The United Nations have been following developments in the fenced-off town of Varosha with concern, the UN Secretary General’s Spokesman Stéphane Dujarric has said, noting that the UN position on Varosha remains unchanged and that the parties are called on to avoid unilateral actions.

Invited by CNA to comment on Turkish President Recep Tayyip Erdogan’s presence at a “picnic” in Varosha over the weekend and his statement on a solution of “two states” in Cyprus, Dujarric said “our position is unchanged.”

“We are obviously been following what’s been going during the weekend in Varosha very closely and with concern. Our position on Varosha remains unchanged and guided by the relevant Security Council Resolutions, as we have often said,” he pointed out.

Dujarric said “it is important and the Secretary General calls the parties to avoid any unilateral actions that could trigger tensions on the island and that potentially undermine the return to dialogue for the future success of talks.”

“We call again on the parties to engage in dialogue in order to resolve their differences. We believe it is important to resume a viable and comprehensive negotiation process. We remain committed to support the two sides in revitalizing the political process. And we reiterate our readiness to explore possibilities for convening an informal 5+ UN meeting at an appropriate stage,” Dujarric stressed.

Furthermore, he said that “ultimately the means for a durable solution in Cyprus is the hands of the parties.”

Cyprus has been divided since 1974, when Turkey invaded and occupied its northern third.

The Turkish side illegally opened on October 8 part of the beach of the abandoned town of Famagusta, in violation to numerous UN resolutions.
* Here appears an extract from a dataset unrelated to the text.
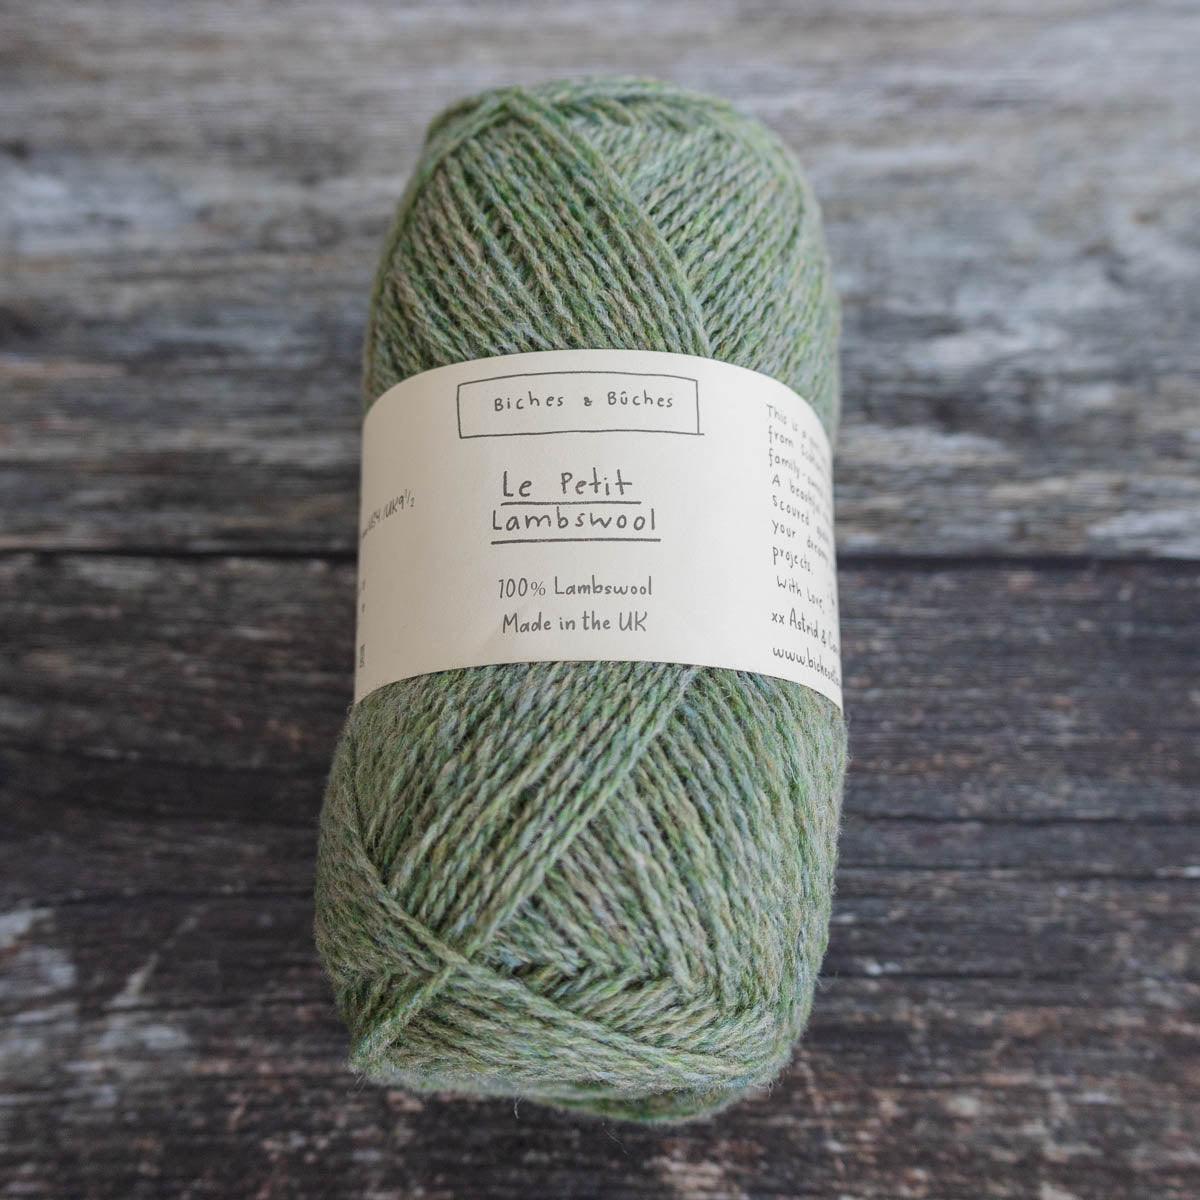 Biches & Bûches Biches & Bûches Le Petit Lambswool - Soft Green - 4ply Knitting Yarn

Varosha, the fenced off section of the Turkish occupied town of Famagusta, is often described as a ‘ghost town’. UN Security Council resolution 550 (1984) considers any attempts to settle any part of Varosha by people other than its inhabitants as inadmissible and calls for the transfer of this area to the administration of the UN. UN Security Council resolution 789 (1992) also urges that with a view to the implementation of resolution 550 (1984), the area at present under the control of the United Nations Peace-keeping Force in Cyprus be extended to include Varosha.